Showroomprivé soutenait être dans son droit, le réseau de distribution de Coty étant selon elle illégal en raison de plusieurs restrictions caractérisées par le règlement UE n°330/2010, notamment l’interdiction du recours à la vente internet via des plateformes ou places de marché.

Pour la Cour d’appel, la clause interdisant de commercer sur des plateformes tierces « est […] appropriée pour préserver l’image de luxe [des produits de Coty] et ne dépasse pas ce qui est nécessaire pour atteindre l’objectif poursuivi, car elle n’interdit pas de manière absolue aux distributeurs agréés de vendre sur Internet les produits contractuels ».

La solution est claire tant au niveau européen qu’au niveau national désormais : le fournisseur de produits de luxe peut en interdire la distribution sur des plateformes tierces4.

Néanmoins, la juridiction française, comme la CJUE, laisse deux questions en suspens, pourtant d’une particulière acuité pour les têtes de réseaux sélectifs.

La première est le cas où la plateforme tierce remplirait les critères sélectifs qualitatifs applicables au sein du réseau.
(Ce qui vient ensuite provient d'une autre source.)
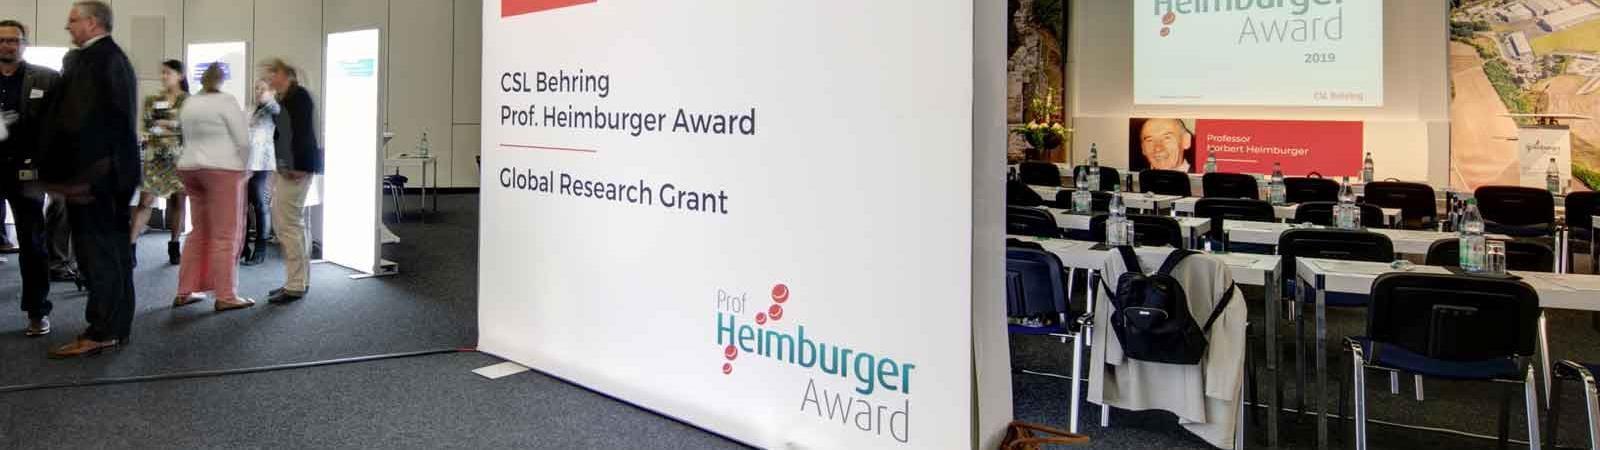 Prêmio Professor Heimburger

Ces critères devant être appliqués de façon non discriminatoire, la plateforme devrait être autorisée à distribuer les produits.
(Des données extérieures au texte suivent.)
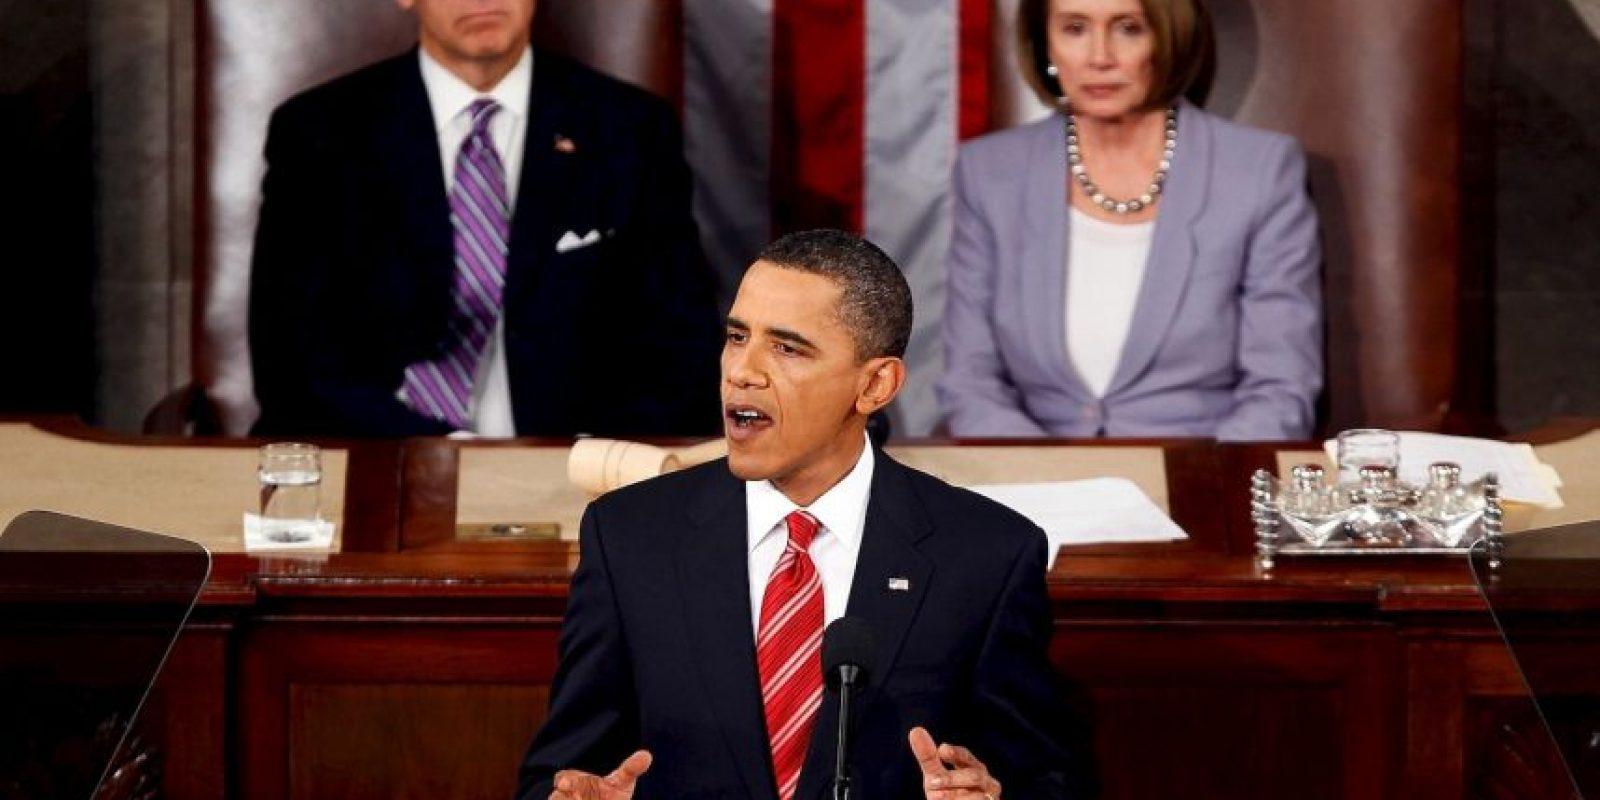 En 2010 el mandatario aún lucía un cabello negro. Foto:Getty Images. Imagen Por:

Il convient de rappeler à cet égard que l’Autorité de la concurrence française avait estimé, dès 2014, concernant la distribution de produits bruns5, « que les sites de places de marché avaient la capacité de satisfaire aux critères qualitatifs des produits ».
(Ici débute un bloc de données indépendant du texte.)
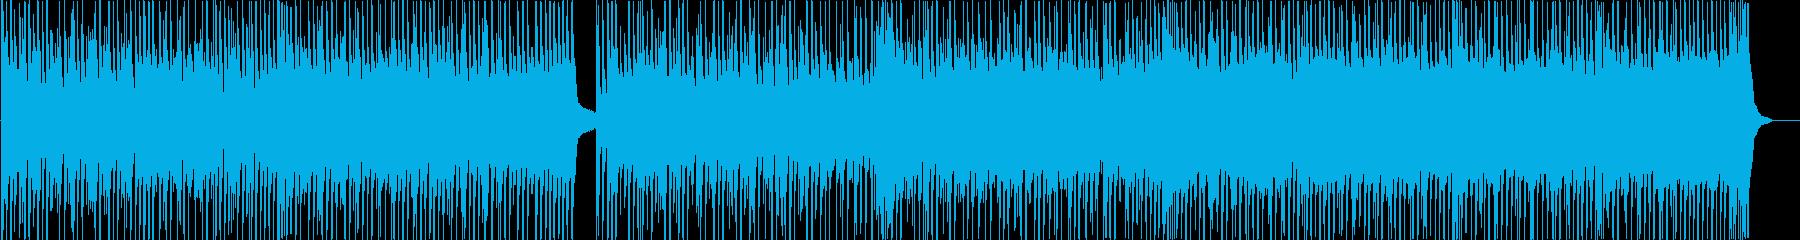 華やかで盛り上がるピアノ&ドラムの再生済みの波形

La seconde touche à l’essence de la distribution sélective. Ce mode de distribution est admis pour les produits de luxe mais également pour des produits de « haute qualité » ou de « haute technologie ». Ces derniers produits n’ont pas « d’image de luxe » telle que l’entendent la CJUE et la Cour d’appel de Paris.

Cela signifierait-il alors que les fournisseurs de ces produits ne pourraient pas en interdire la distribution sur des plateformes tierces ?

La DG Concurrence de la Commission Européenne n’est pas de cet avis. Selon elle6, l’arrêt Coty n’exclut pas qu’une interdiction des plateformes soit valable pour des produits de haute qualité ou de haute technologie. Il faudra cependant effectuer une « analyse au cas par cas » au regard des critères de Métro, en prenant en considération les « objectifs poursuivis » par l’interdiction et la position exprimée par la CJUE « relatives au caractère approprié et proportionné » qui seraient applicables à ces catégories de produits.

Certes la DG concurrence ajoute que l’interdiction des plateformes tierces ne serait pas une restriction de concurrence par objet mais la perspective d’analyses au cas par cas offre une sécurité juridique limitée aux têtes de réseaux de produits de haute qualité et de haute technologie.